A. V. Babkov, Yu. I. Moskalev (rad.).

Strontium- an element of the main subgroup of the second group, the fifth period of the periodic system chemical elements D. I. Mendeleev, with atomic number 38. Denoted by the symbol Sr (lat. Strontium). The simple substance strontium is a soft, malleable and ductile alkaline earth metal of a silvery-white color. It has a high chemical activity, in air it quickly reacts with moisture and oxygen, becoming covered with a yellow oxide film.

In 1764, a mineral was found in a lead mine near the Scottish village of Strontian, which they called strontianite. For a long time it was considered a variety of fluorite CaF2 or witherite BaCO3, but in 1790 the English mineralogists Crawford and Cruikshank analyzed this mineral and found that it contained a new "earth", and in the current language, oxide.

Independently of them, the same mineral was studied by another English chemist, Hope. Having come to the same results, he announced that there is a new element in strontianite - the metal strontium.

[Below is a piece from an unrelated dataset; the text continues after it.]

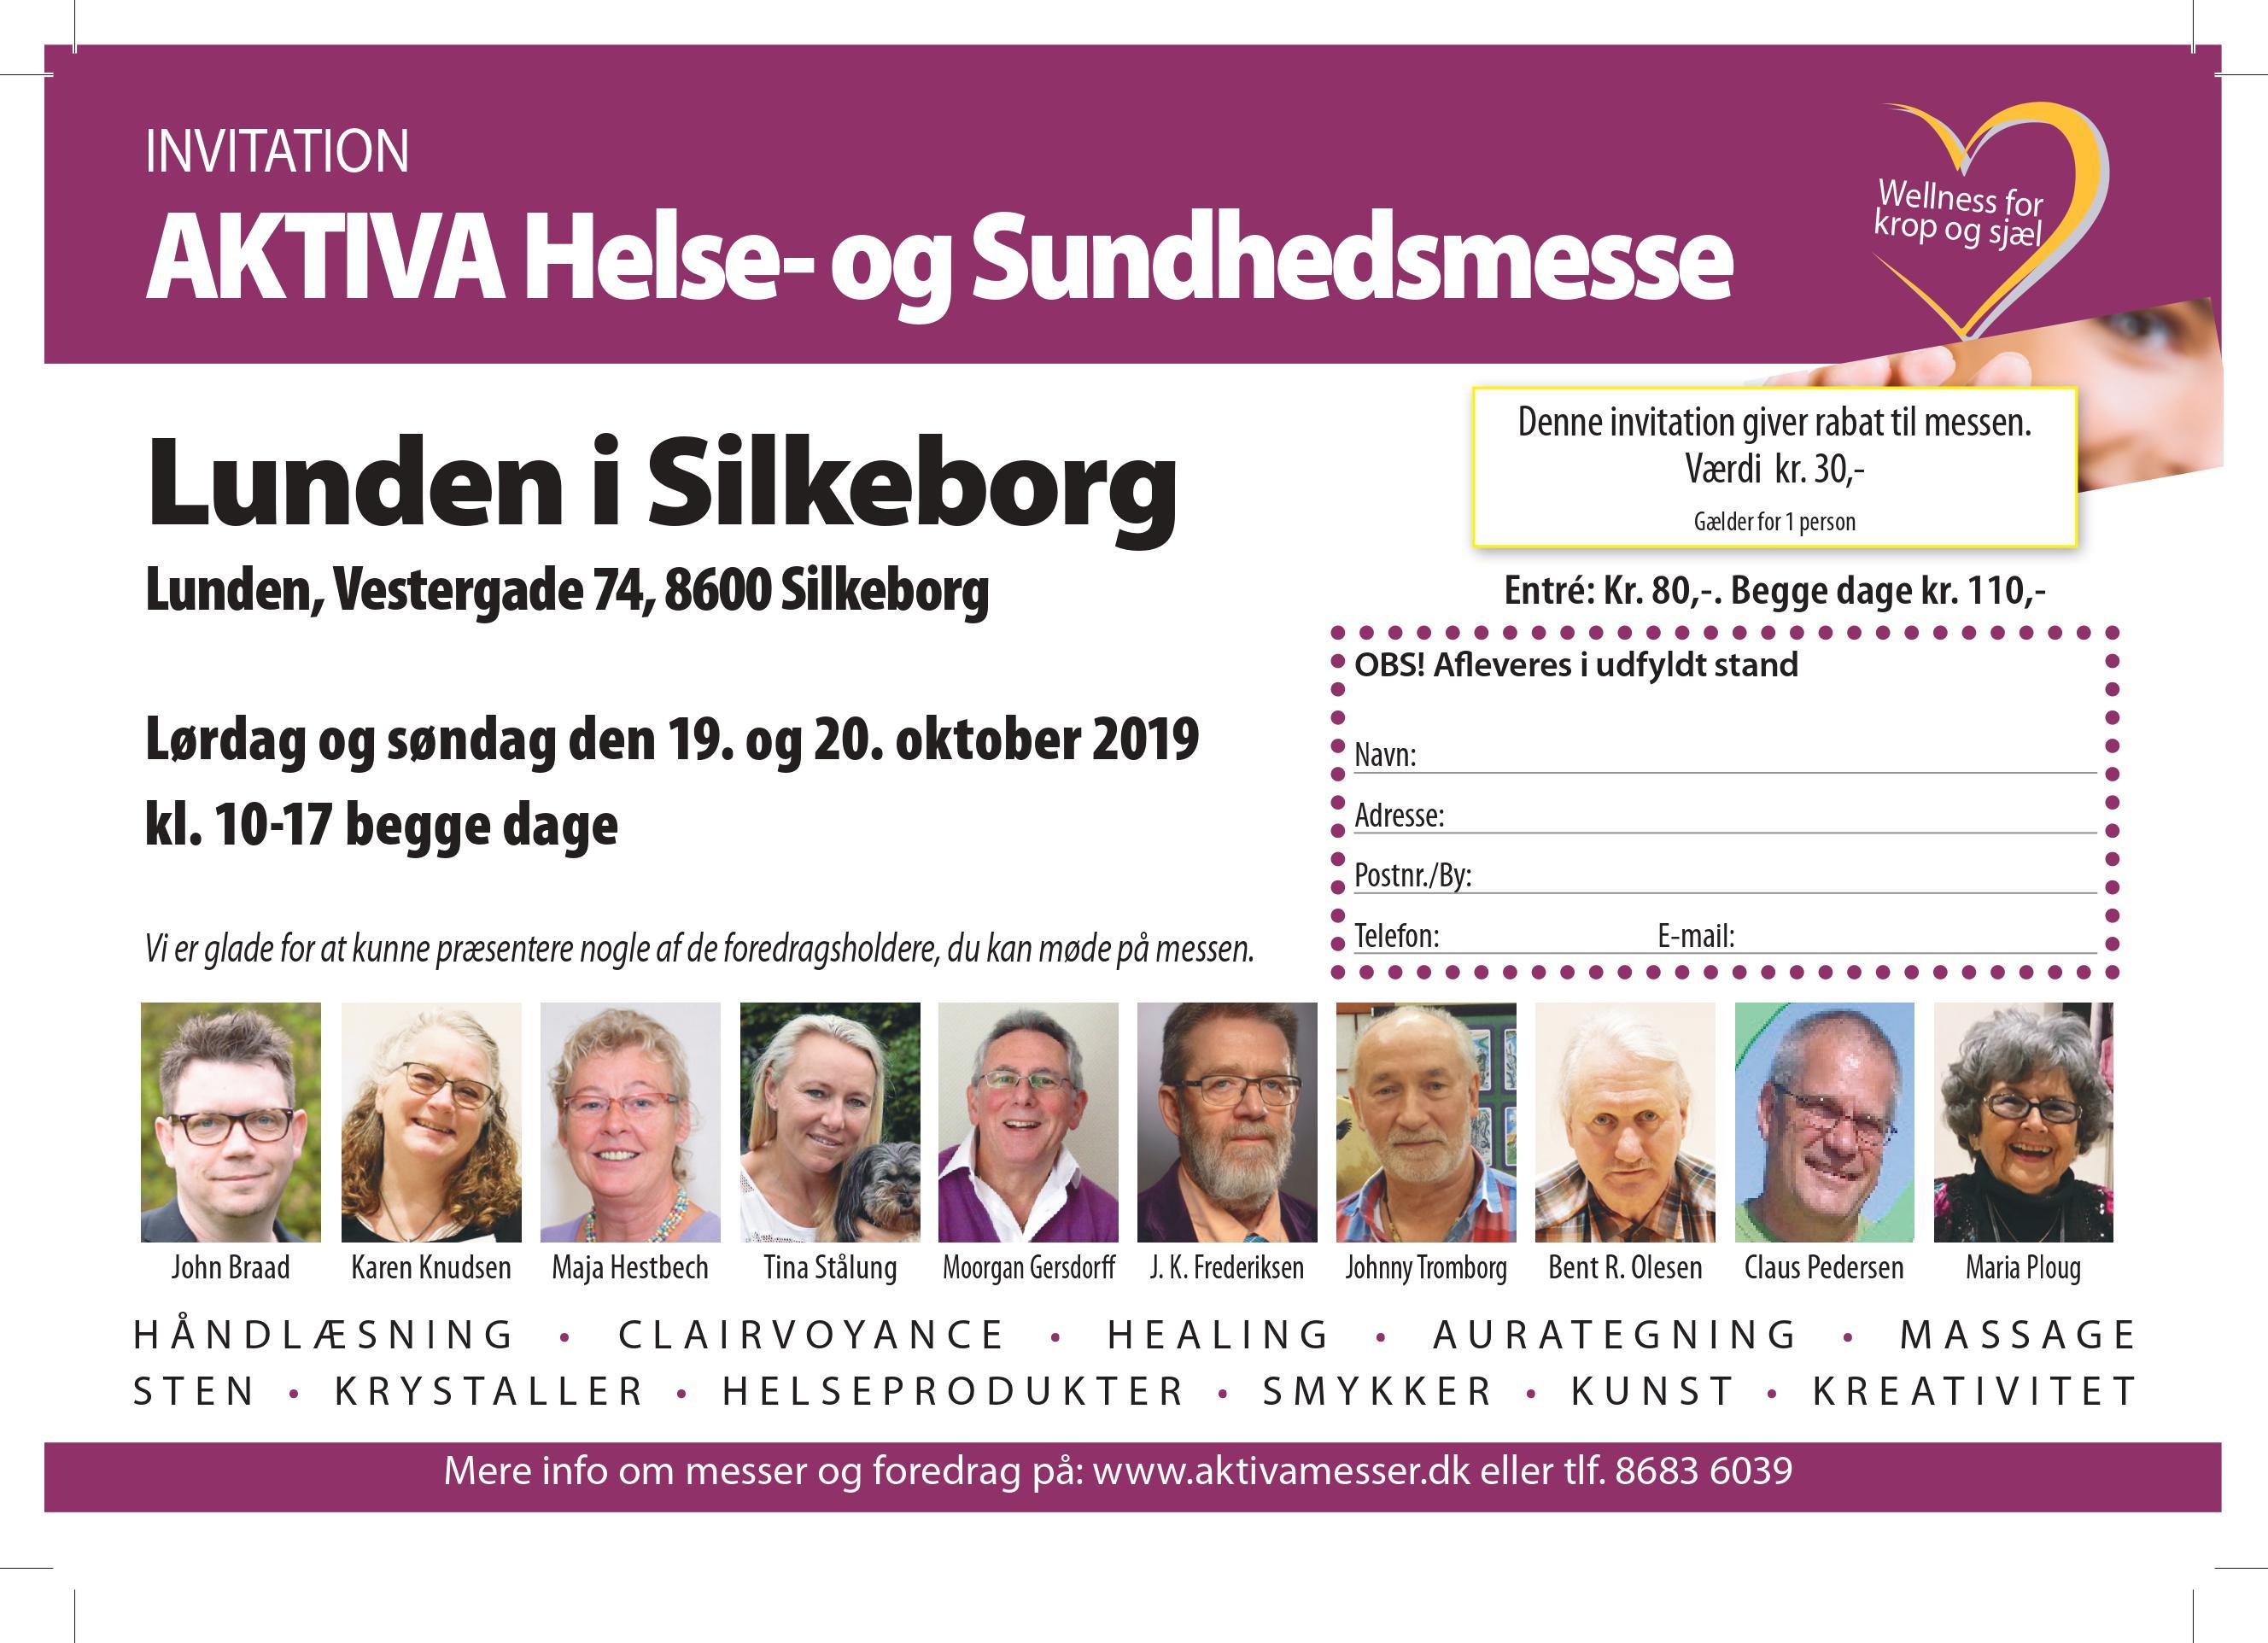 AKTIVA helsemesse i Silkeborg

Apparently, the discovery was already “in the air”, because almost simultaneously the prominent German chemist Klaproth announced the discovery of a new “earth”.

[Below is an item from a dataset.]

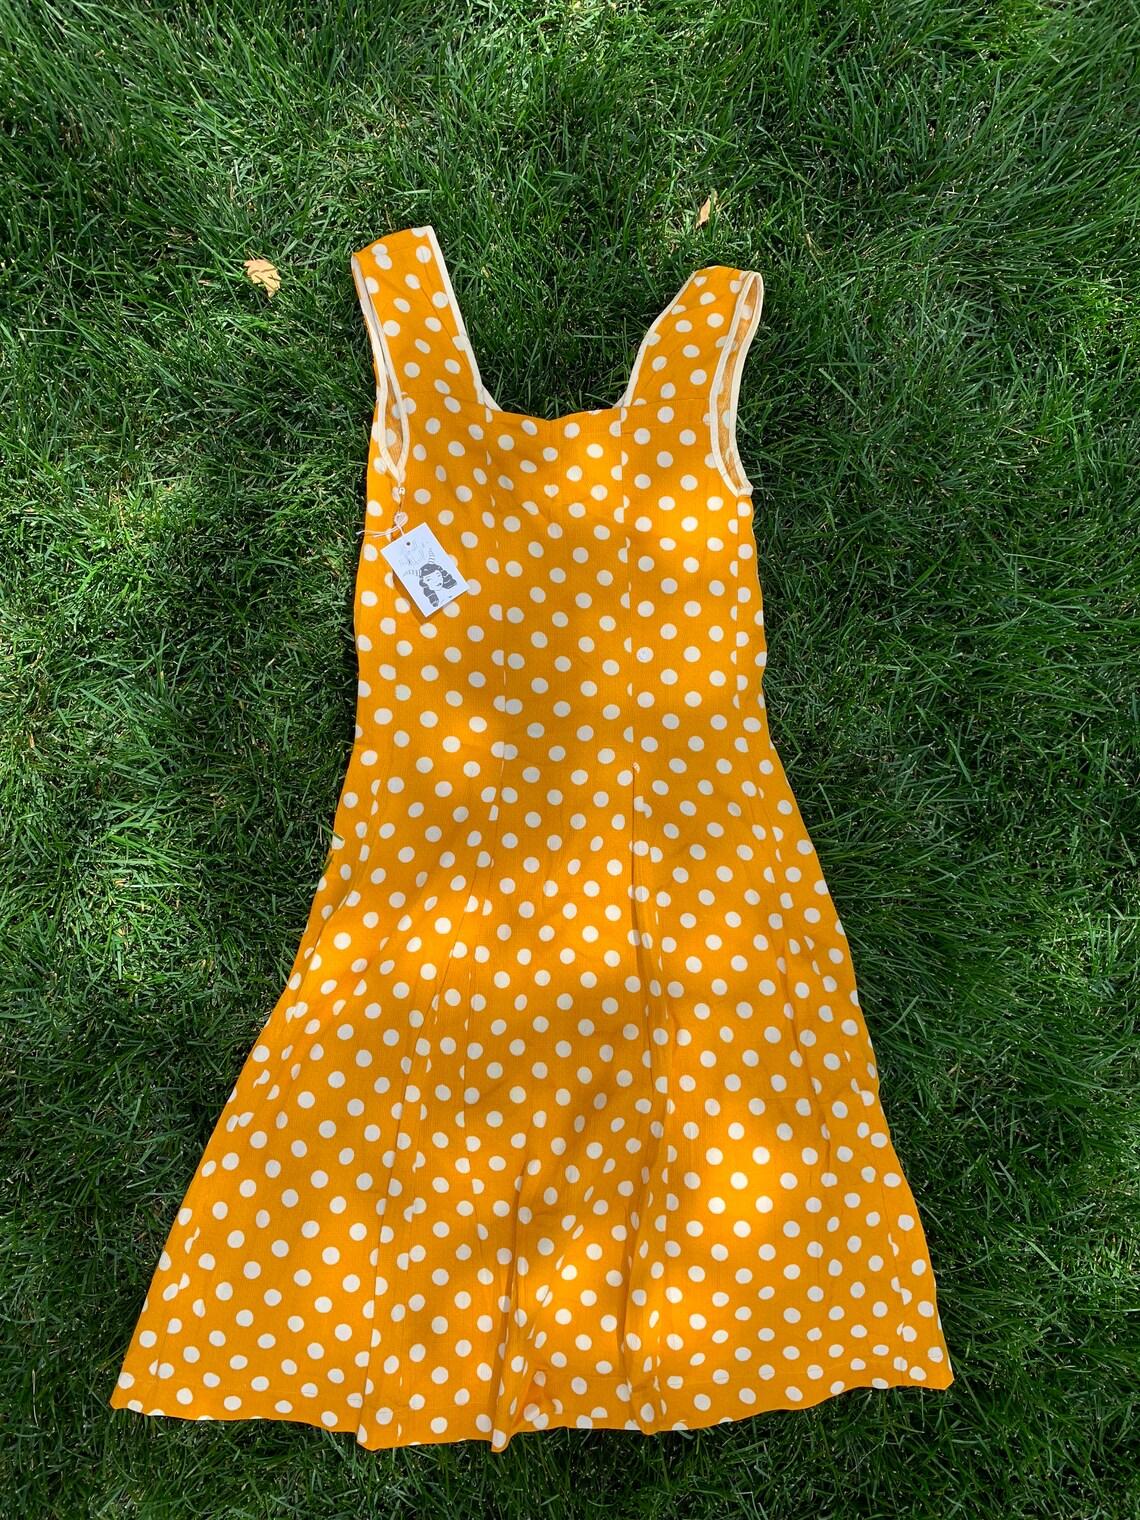 1960s Mod Yellow Polka Dot Designer A-Line Tank Dress

In the same years, the well-known Russian chemist, Academician Toviy Egorovich Lovitz, also came across traces of "strontium earth". He had long been interested in the mineral known as heavy spar. In this mineral (its composition is BaSO4), Karl Scheele discovered in 1774 the oxide of the new element barium. We do not know why Lovitz was not indifferent to heavy spar; it is only known that the scientist, who discovered the adsorption properties of coal and did much more in the field of general and organic chemistry, collected samples of this mineral. But Lovitz was not just a collector, he soon began to systematically study heavy spar and in 1792 came to the conclusion that this mineral contained an unknown impurity. He managed to extract quite a lot from his collection - more than 100 g of new "earth" and continued to explore its properties. The results of the study were published in 1795.

Thus, almost simultaneously, several researchers in different countries came close to the discovery of strontium. But in its elementary form it was singled out only in 1808.

The outstanding scientist of his time, Humphry Davy, already understood that the element of strontium earth must, apparently, be an alkaline earth metal, and he obtained it by electrolysis, i.e. in the same way as calcium, magnesium, barium. More specifically, the world's first metallic strontium was obtained by electrolysis of its moistened hydroxide. The strontium released at the cathode instantly combined with mercury, forming an amalgam. Decomposing the amalgam by heating, Davy isolated the pure metal.